Низенький паром бодро вспахивал воду толстым носом, иногда волна плескала пассажирам прямо под ноги, но для тех, кто уставал от людных улиц, это было лучшим средством передвижения после сна в собственной кровати. Вы ведь в кровати ворочаетесь? Значит, средство передвижения. Чед скучающе разглядывал билет – толстый кусок картона с серебристыми вензелями по краям, на котором было отпечатано: «Посадочное место второго класса, пристань Миддейл, 1 персона». Писать «1 человек» в мире, в котором, кроме людей, жили еще как минимум три многочисленные расы разумных существ, было бы, по меньшей мере, невежливо.

Странно, что редакция «Вестника» вообще расщедрилась на билет. Обычно – держи цель, а преодолевать препятствия, вроде затрат на дорогу и покупки письменных принадлежностей, изволь уж как-нибудь сам. Возможно, причиной этой странности являлась сама цель – уж очень необычно, что имперский дипломат, возведенный Варангом в баронеты, спокойно разрешает вмешательство настырных «перьев» в свою жизнь. Хоть когда-то завезенный из другого мира патент чернильной ручки и прижился в империи, глашатаев «Телмьюнского Вестника», толстой еженедельной газеты, все равно звали «перьями», по старинке.
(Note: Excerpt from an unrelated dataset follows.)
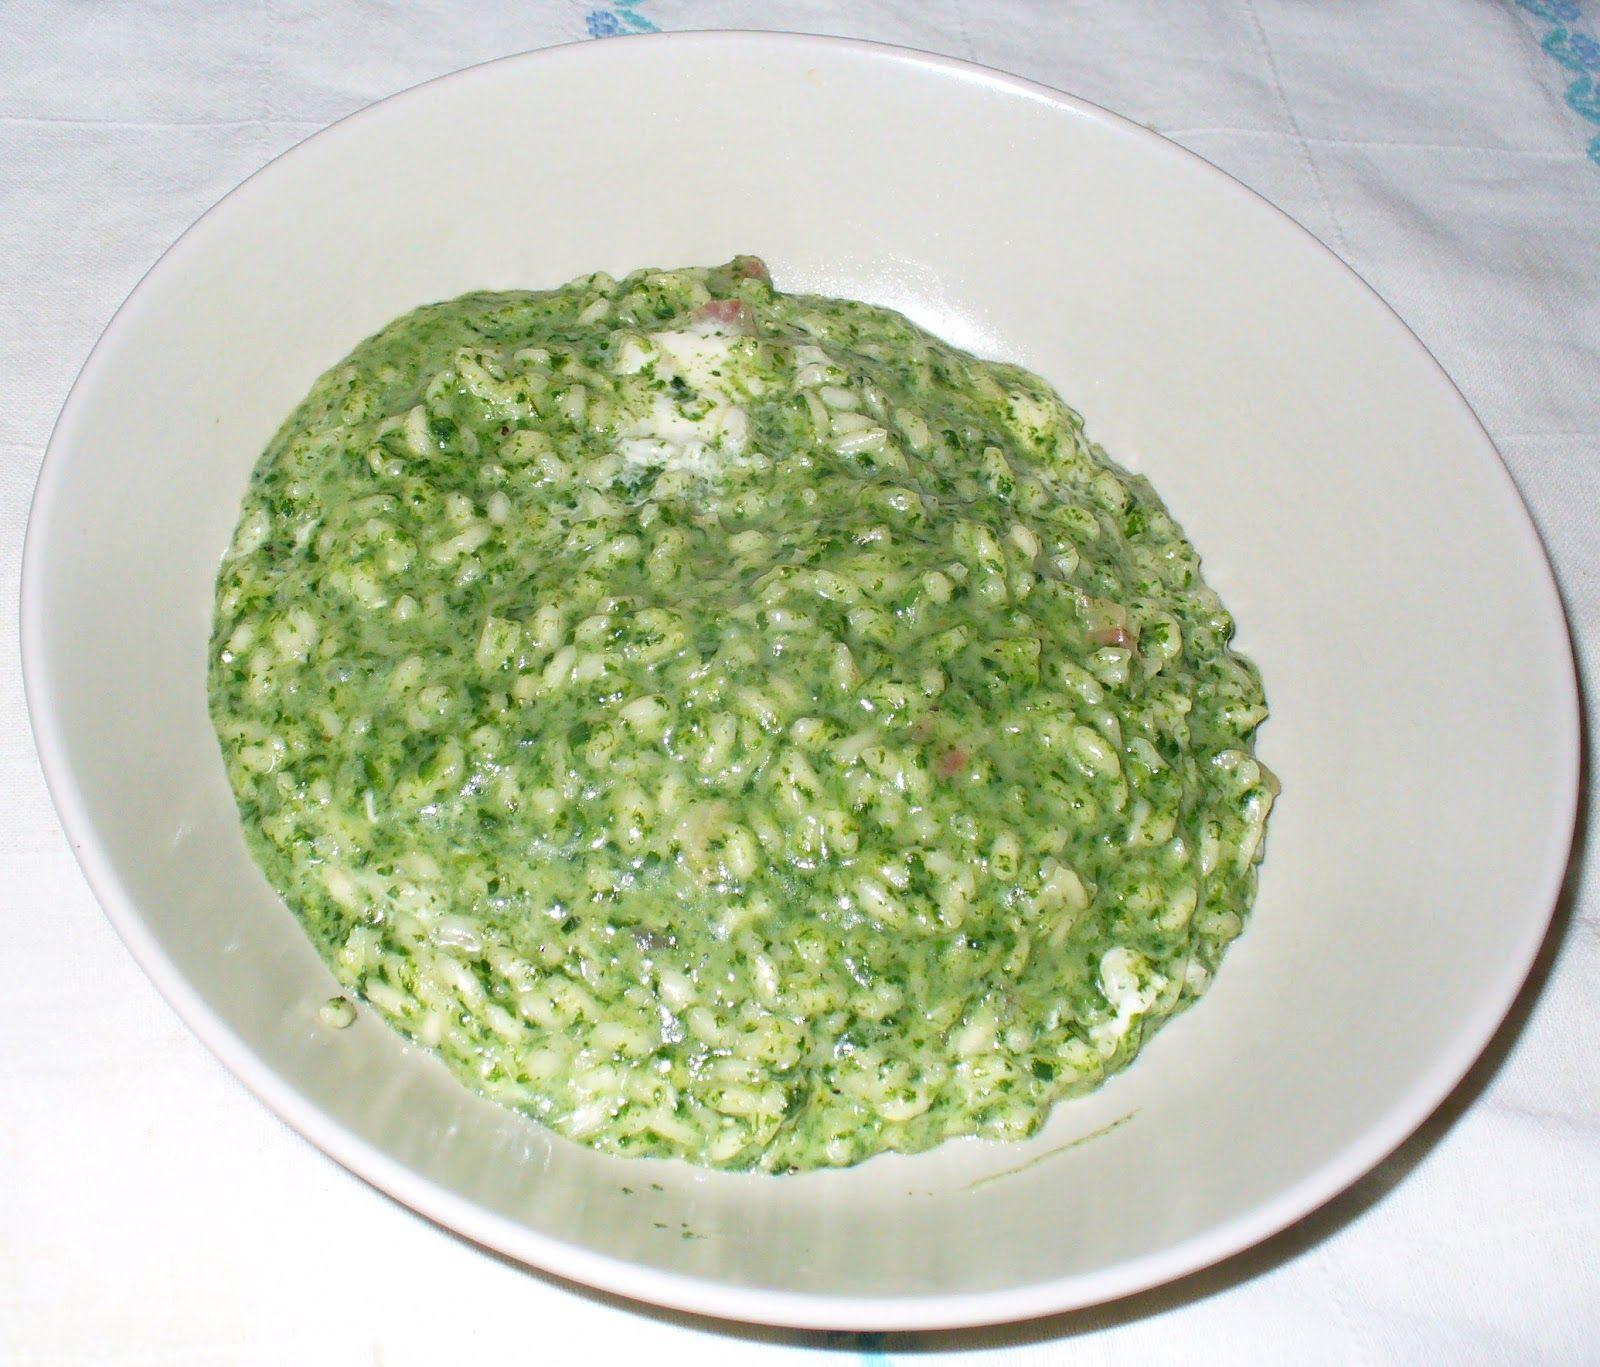 Cucinare la mia passione risotto spinaci crescenza for Cucinare spinaci

Вряд ли виной такой доступности было происхождение баронета. Чед Уэстерс, поживший на свете уже два с половиной десятка лет, не припоминал случая, чтобы в благородный статус возводили кого-то еще, кроме купцов и людей искусства. И, если вторые часто получали оное за заслуги перед императорским двором, то первые могли дворянское звание просто купить. Конечно, «просто купить» было непросто, прежде всего, из-за размеров суммы. Но баронет Шнапс и здесь был белой вороной – титул он получил уже после вручения дипломатических грамот, что само по себе было редкостью и в Грайруве, и в окрестных королевствах.

Чед оглянулся назад, где под закрытым круглым кожухом с легким шелестом вращался громадный маховик. В конце концов, странно, что никто раньше не пытался написать очерк о жизни человека, который изобрел сердце скоростного водного транспорта. На сухопутных флевиллах столичный народ ездить попросту боялся, а куфы Гильдии, обладавшие неторопливостью вьючного осла, по прежнему были недоступны в свободной продаже. Но к лодкам и кораблям это не относилось – водная гладь была лишена и толпы снующего люда, и узких переулков забитого домами Телмьюна.

Спустя пять лет после основания фабрики «Шнапс и совладельцы» Рихард, тогда еще просто вольный купец, объявил о создании нового двигателя. В отличие от турбин, использовавшихся на флевиллах, более поздний тип обладал двумя мощными винтами со стальной закаленной крыльчаткой, уходившими согласно нормам конструкции под воду. Подбирая различные типы гребных винтов, размер маховика и нанесенные на него руны, можно было оснастить весь торговый флот столицы – и даже принимать иностранные заказы.

Однако после того как последнее судно вышло из дока с крупным округлым набалдашником в кормовой части, император приказал изготовить большую партию двигателей для военных судов. Учитывая, что на переоснащение частных кораблей, государственного торгового флота и немногих судов классического типа, принадлежащих Гильдии, ушло двенадцать лет, легко было догадаться, что за опознавательные знаки были нарисованы на носу брига со снятыми мачтами, беззастенчиво торчавшего по левому борту парома. Хотя берег был далеко, Чед напряг зрение и прочитал крупные буквы, отсюда казавшиеся муравьями: «Бесстрашный».

Для имперского корабля, установленного на стапелях, через несколько недель должны были изготовить маховик, превышающий размерами любой, сделанный до него. Уэстерс как-то побывал на заводе Объединения Механиков в Тизлике. Занимались там отливкой и закалкой совершенно других, не корабельных деталей, однако каждая проходила тщательную проверку на прочность и брак, после чего некачественно выполненные части снова отправлялись в плавильную печь.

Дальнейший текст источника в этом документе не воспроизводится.